Brighton v Nigeria, 1981

Amazingly, on 24th August 1981, Brighton played a friendly against the Nigerian national side.

Here’s Steve Foster’s high challenge that created the opening for Tony Grealish to get Albion’s first goal. So high, the cameraman almost missed it.

nigeria1v2

According the club’s match programme, Neil McNab was ‘always in the thick of the action against the Nigerians.’
nigeria2

In a match sponsored by British Caledonian Airways, Brighton & Hove Albion triumphed 5-1. Grealish, Foster, Ritchie, McNab (pen) and Smith got on the scoresheet. We beat a whole country at football, in other words!

In Gordon Smith’s entertaining autobiography, ‘And Smith Did Score,’ he writes vividly about the match:

We were playing a friendly against the Nigerian national side at Brighton and it turned into a real roughhouse. I was playing up front and we were winning 3-0 when their six-feet-four centre-half came up to me and said, ‘You are shit.’

‘What do you mean?’ I asked.

‘I said you are shit. You are a bad team. Liverpool are a good team but you are shit.’

‘Well, if we’re beating you 3-0 and we’re shit, what does that make you?’

And the giant centre-half answered menacingly, ‘I am going to get you. I’ll kill you.’

After some really bad tackles were going in and Tony Grealish got such a bad tackle you could see the bone and the ligaments in his leg through the gash. The whole Nigerian team were acting like maniacs and, at the final whistle after we had won 5-1, I said to the big centre half, ‘So who’s shit now?’

‘But we’re amateurs,’ he said.

‘Yes, we can tell,’ I replied.

That’s when he went off his head and came chasing after me. There was a huge scuffle in the tunnel and he had to be held back while I headed for the dressing room.

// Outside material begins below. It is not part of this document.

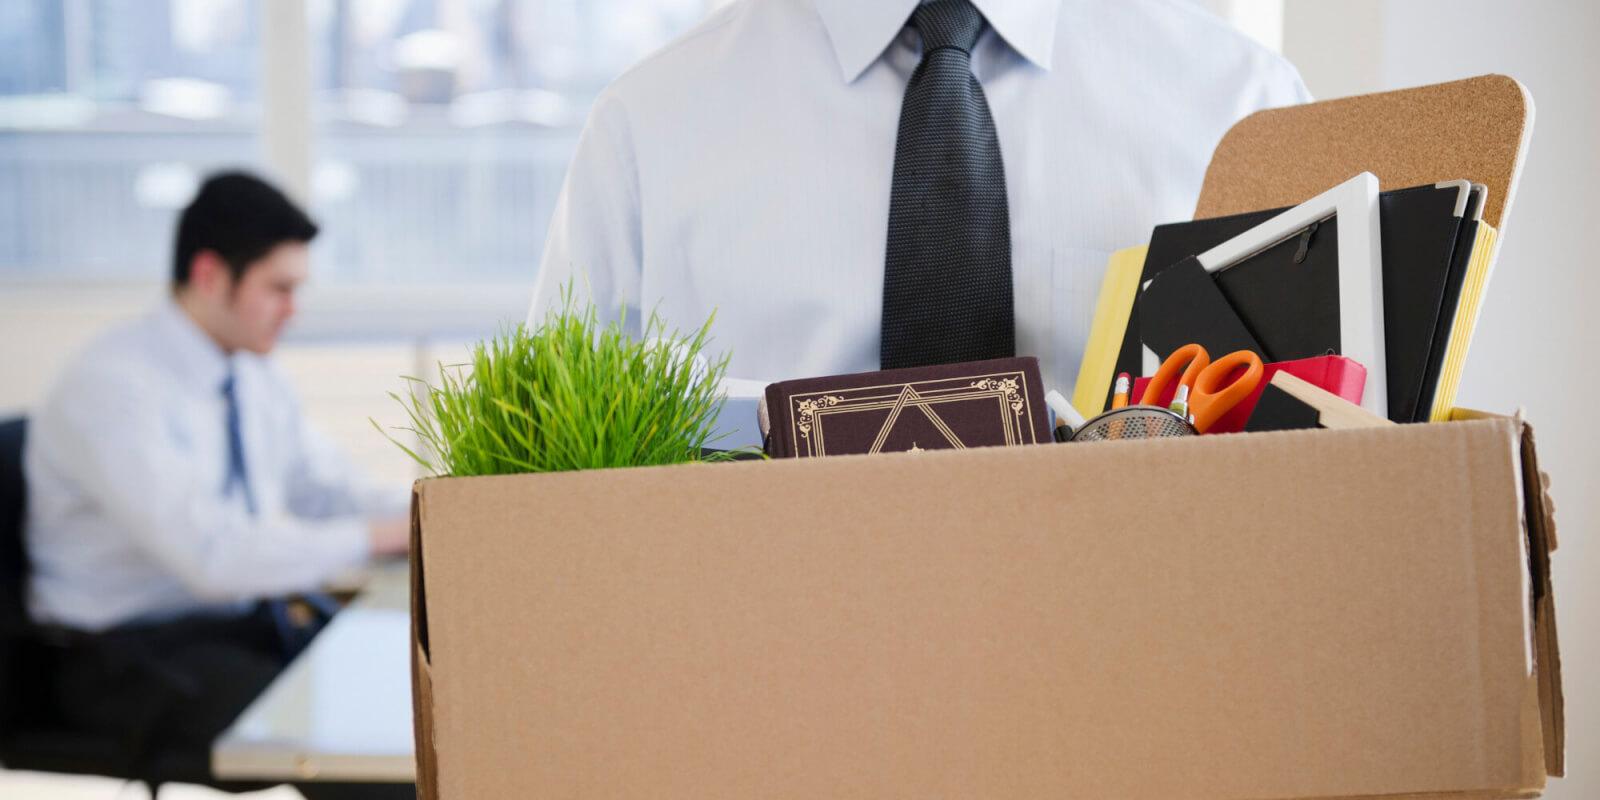 За сколько дней должны предупредить об увольнении и в каких случаях

Abou ten days later, I walked into the club and was told to go to the treatment room to get an injection from the club doctor. When I asked what it was for, I was told I was going to play a return match against Nigeria, in their capital city, Lagos. I immediately said I wasn’t going. ‘It’s one of the worst places in the world,’ I said. ‘The land that time forgot.’

Mike Bailey said that, if I didn’t go, he would fine me two weeks’ wages.

‘Do you want to take it out of my wages or do you want a cheque now?’ I asked him.

I got back to the dressing room and the boys were wondering what was going on. I told them about Nigeria and why I wasn’t going. One by one, the rest of the team agreed they wouldn’t go either. A team meeting was held and we told the management we weren’t prepared to go to Lagos to play the Nigerians. The following day, the doctor was back in, giving the reserves their injections to go to Nigeria. Mike Bailey didn’t even go and no one was fined. The incredible thing was that, although the reserve boys didn’t enjoy the trip, they played in front of 90,000 people in Lagos – the biggest crowd most of us would have experienced at that stage in our careers. The reserves were used to playing in front of 200-300 fans.